DA sees no link so far between weapons possession, Texas blast

Story highlights

  • So far, no links have been made between the charge and the accident
  • The powerful fire and blast occurred in April
  • A DA says the Texas Rangers performed a "thorough investigation"

Authorities in Texas have so far found no link between a deadly fertilizer plant explosion last spring and a charge of possession of a prohibited weapon filed against a paramedic who responded to that blast.

A fire at West Fertilizer Company on April 17 led to the ammonium nitrate explosion, which killed 15 people -- most of them firefighters and paramedics -- and devastated West, a small town south of Dallas.

The blast showed up on seismographs as a small earthquake and flattened or damaged dozens of homes, two schools and a nursing home nearby.

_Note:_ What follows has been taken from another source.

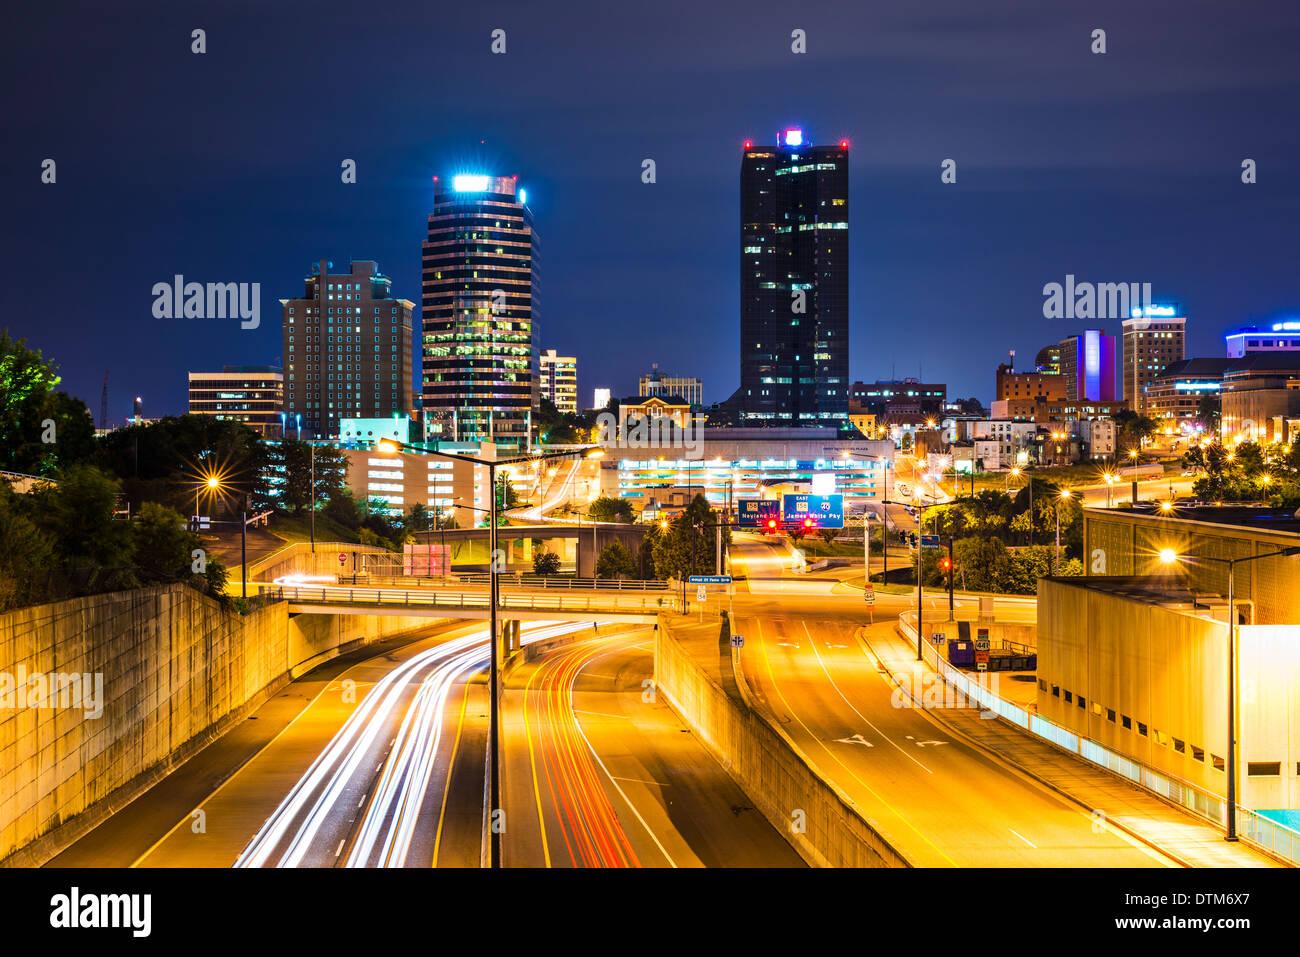 Knoxville, Tennessee, EE.UU. en el centro de la ciudad, en la noche. Imagen De Stock

Texas fertilizer plant fell through 'patchwork' of safety rules

Later, Bryce Reed, who was one of the emergency workers who responded to the explosion, was charged with having possessed materials for a pipe bomb.

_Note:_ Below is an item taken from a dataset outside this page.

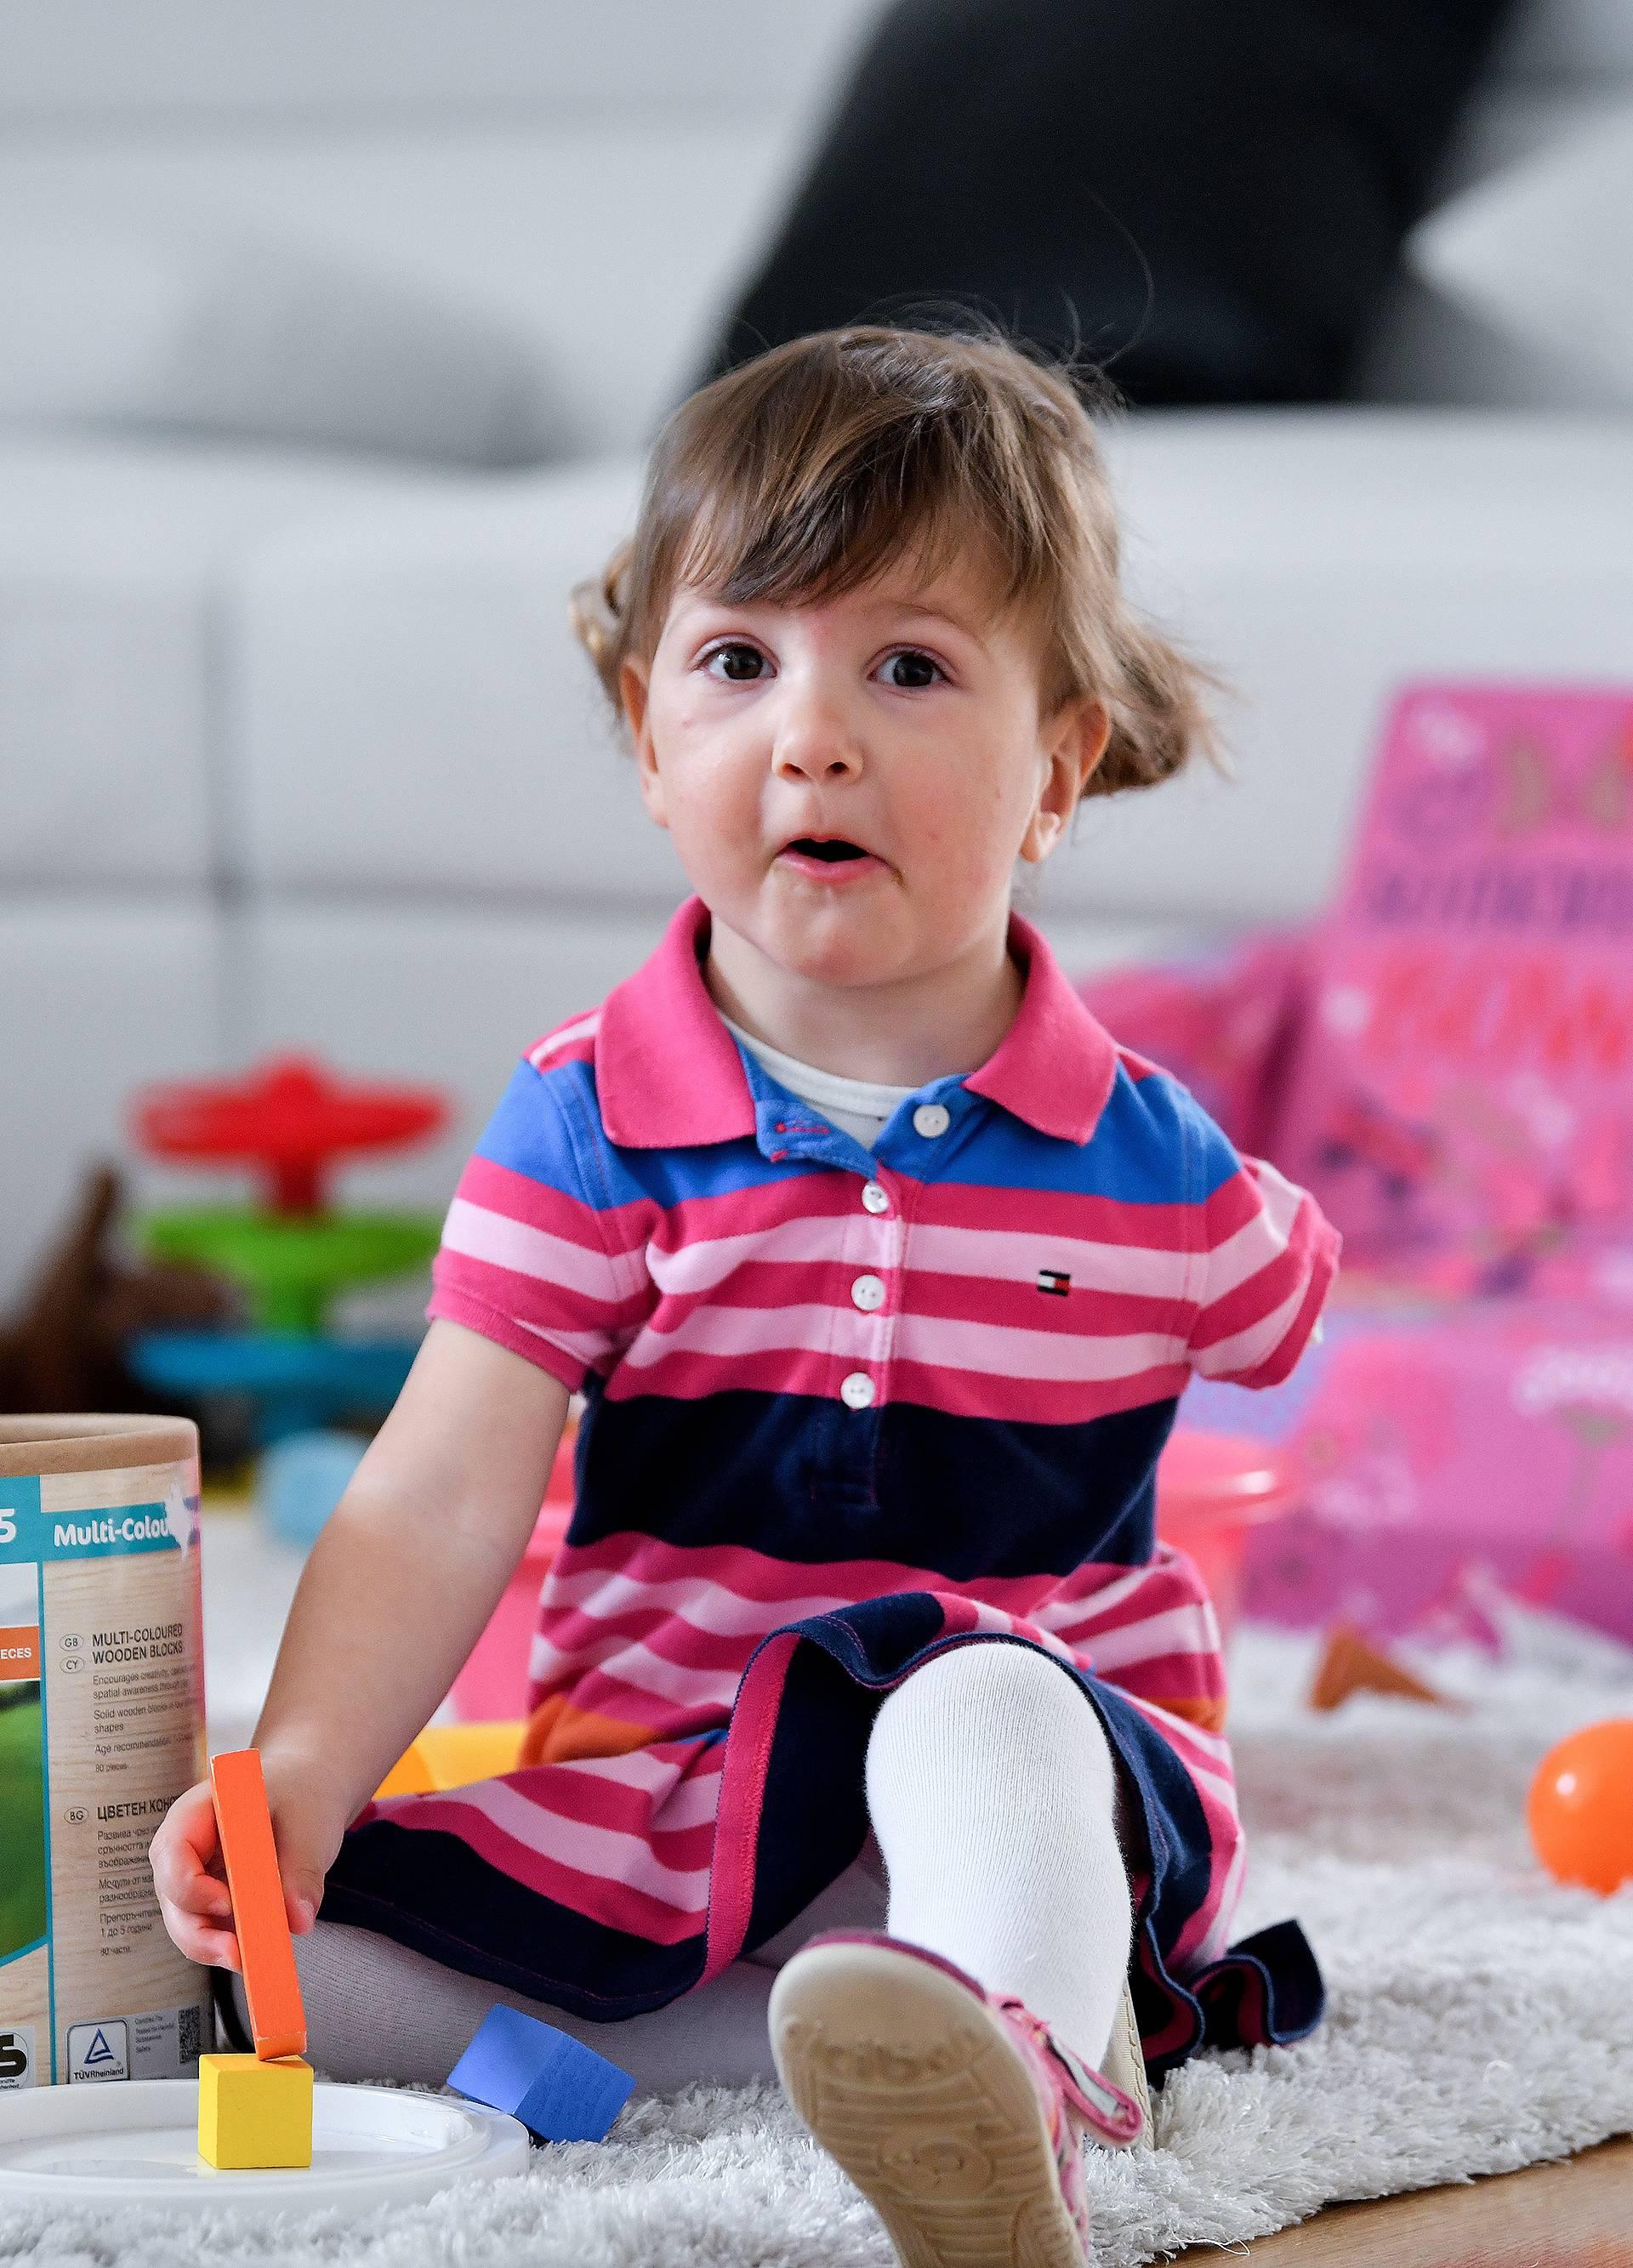 Lara (1,5) je rođena bez ruke, ali mora dokazati da je invalid

"Based on the information I have reviewed thus far," Abel Reyna, McLennan County criminal district attorney said in a statement Tuesday, "I have not seen any credible evidence linking Bryce Reed's alleged possession of a prohibited weapon to the fire and subsequent explosion at the West Fertilizer Plant."

Reyna said the Texas Rangers performed a "thorough investigation regarding Mr. Reed's alleged possession of a prohibited weapon" and passed along reports and material to him.

"However, I still have additional material to review," he said.